All of the data should be reproduced word for word, though its pictures must be omitted.

**DATA EXCERPT:**
########################################

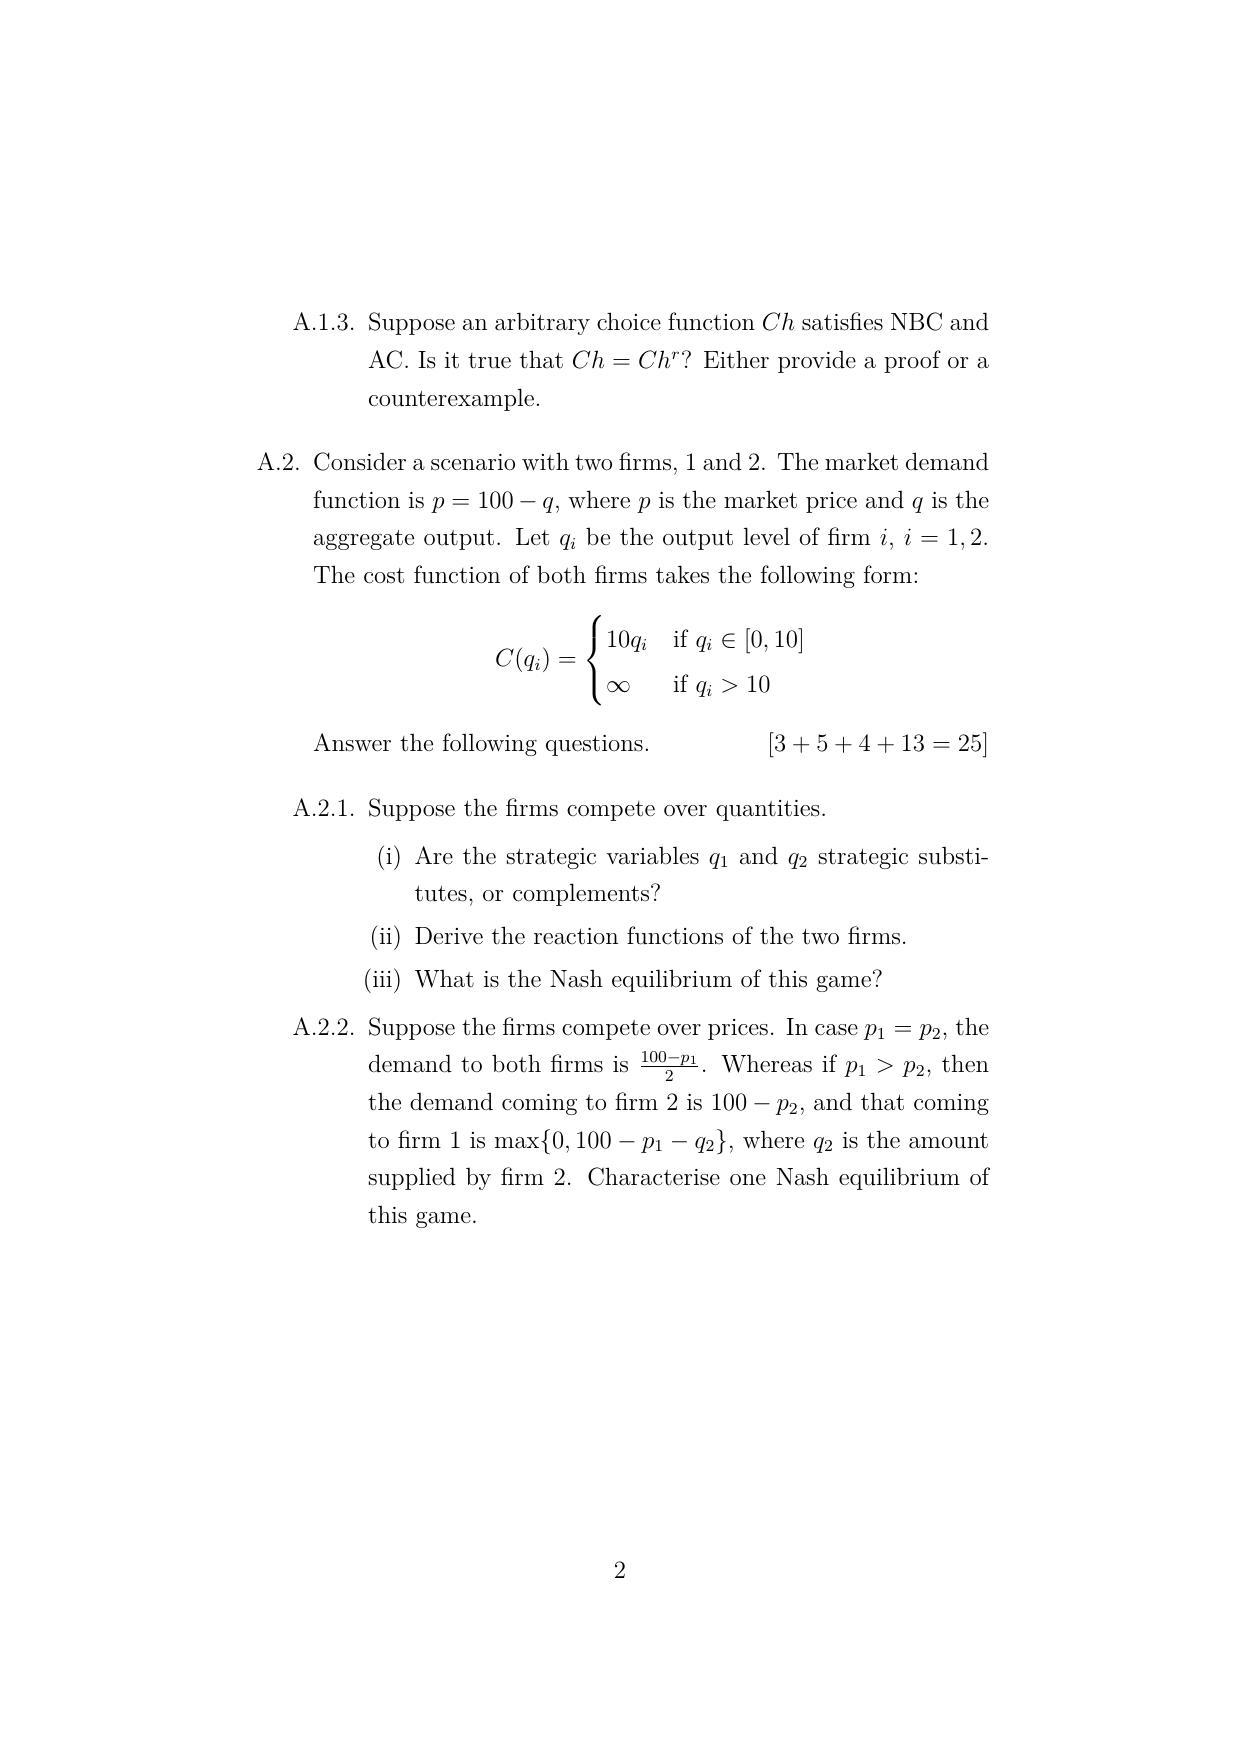 ISI Admission Test JRF in Quantitative Economics QEB 2022 Sample Paper - Page 2
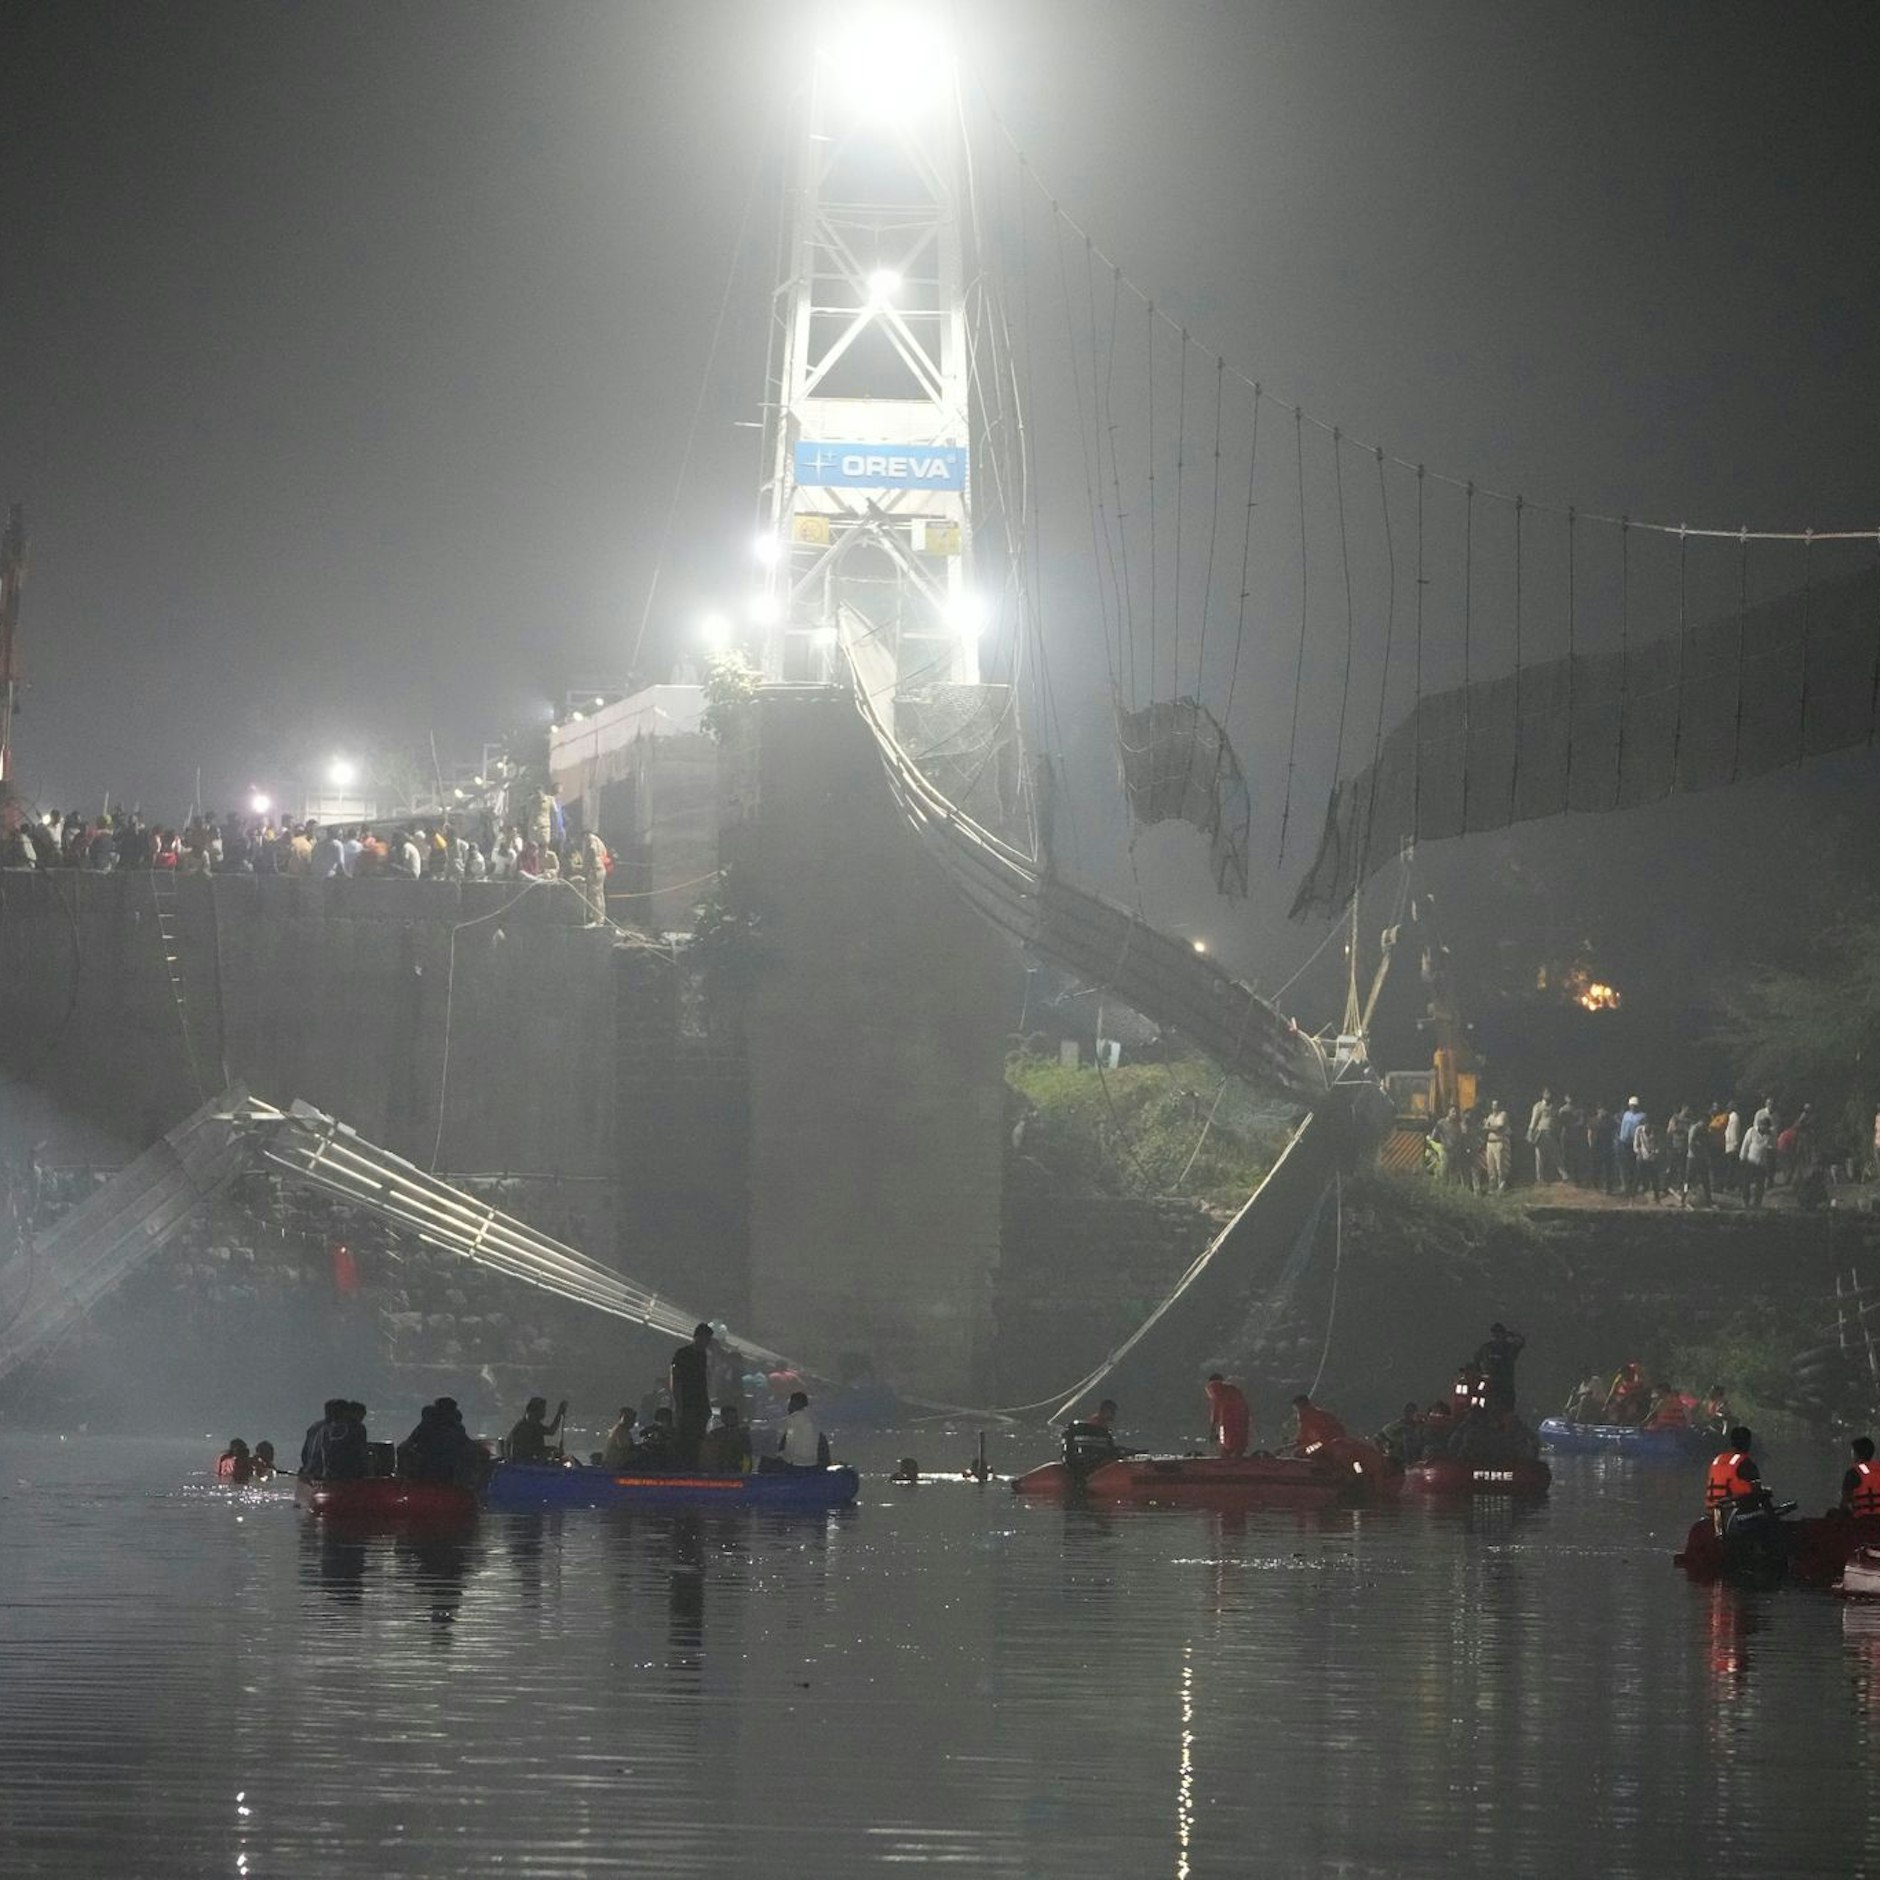 Image - Mehr als 140 Tote bei Einsturz von Hängebrücke in Indien
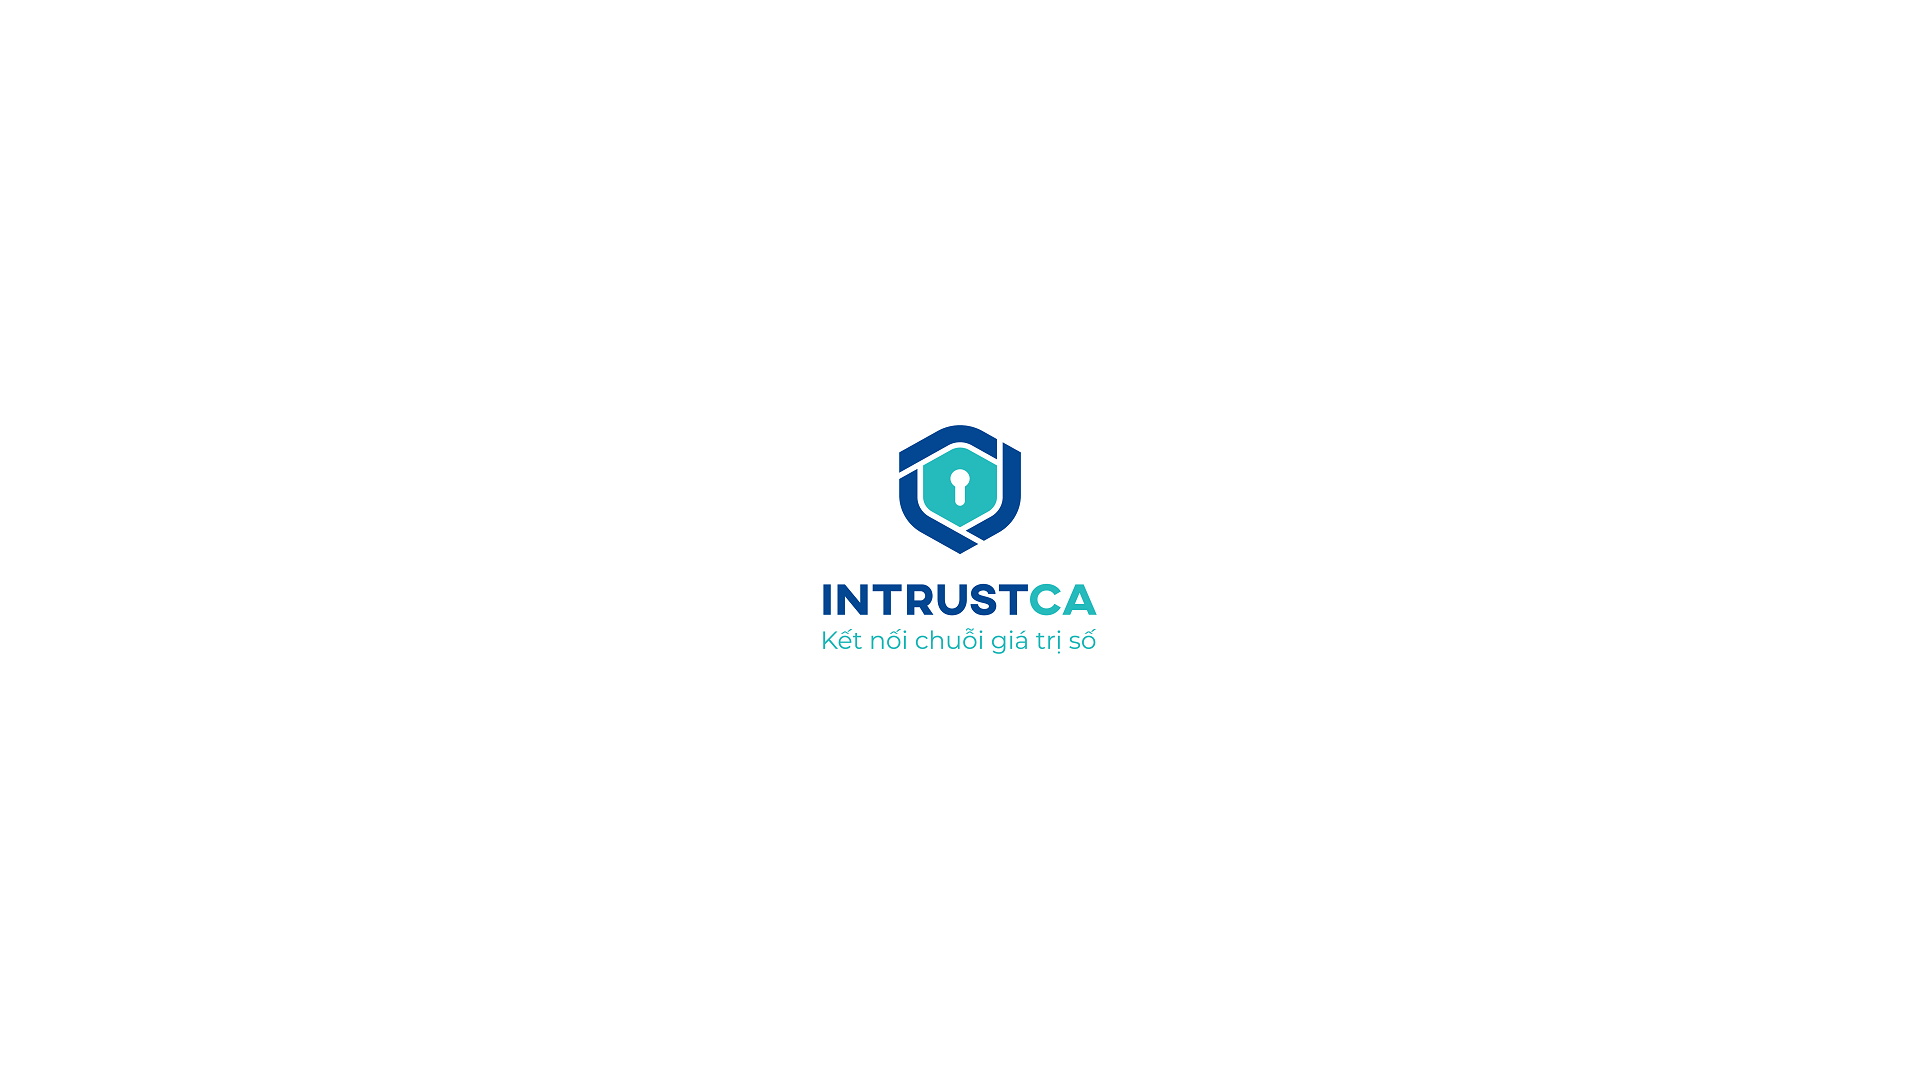 Dự án thiết kế logo, thiết kế nhận diện thương hiệu INTRUSTCA - 3
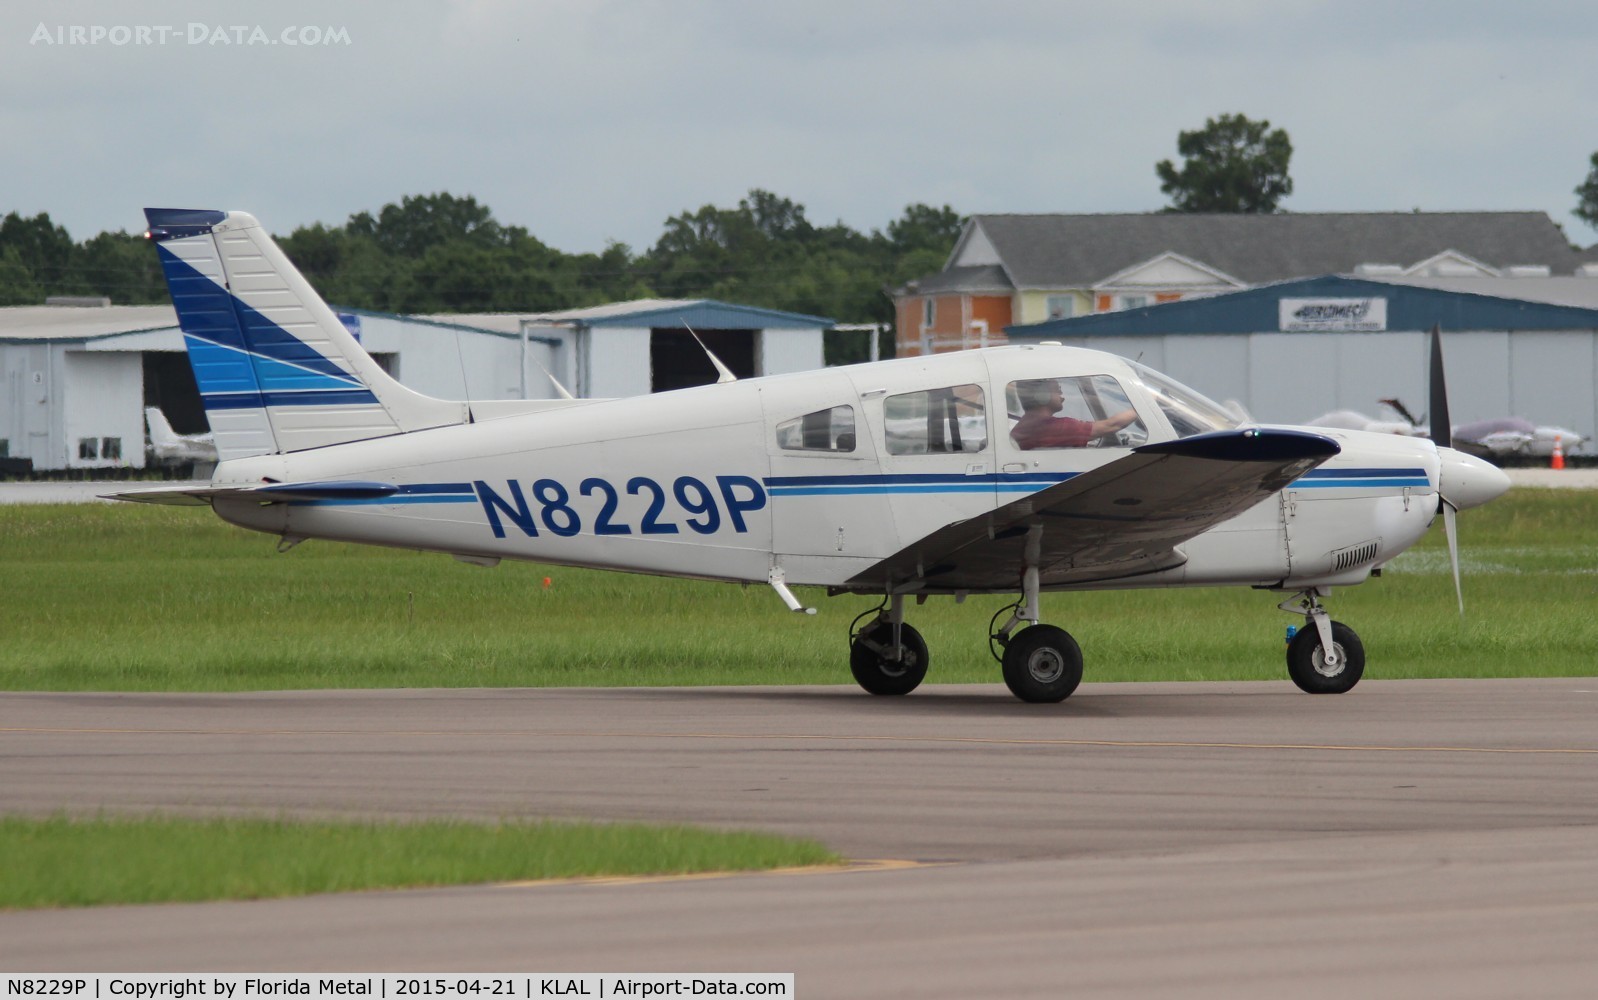 N8229P, 1980 Piper PA-28-181 C/N 28-8090330, PA-28-180

########################################

**ANSWER FOR THE TASK:**
 ISI Admission Test JRF in Quantitative Economics QEB 2022 Sample Paper - Page 2
 Image - Mehr als 140 Tote bei Einsturz von Hängebrücke in Indien
 Dự án thiết kế logo, thiết kế nhận diện thương hiệu INTRUSTCA - 3
 N8229P, 1980 Piper PA-28-181 C/N 28-8090330, PA-28-180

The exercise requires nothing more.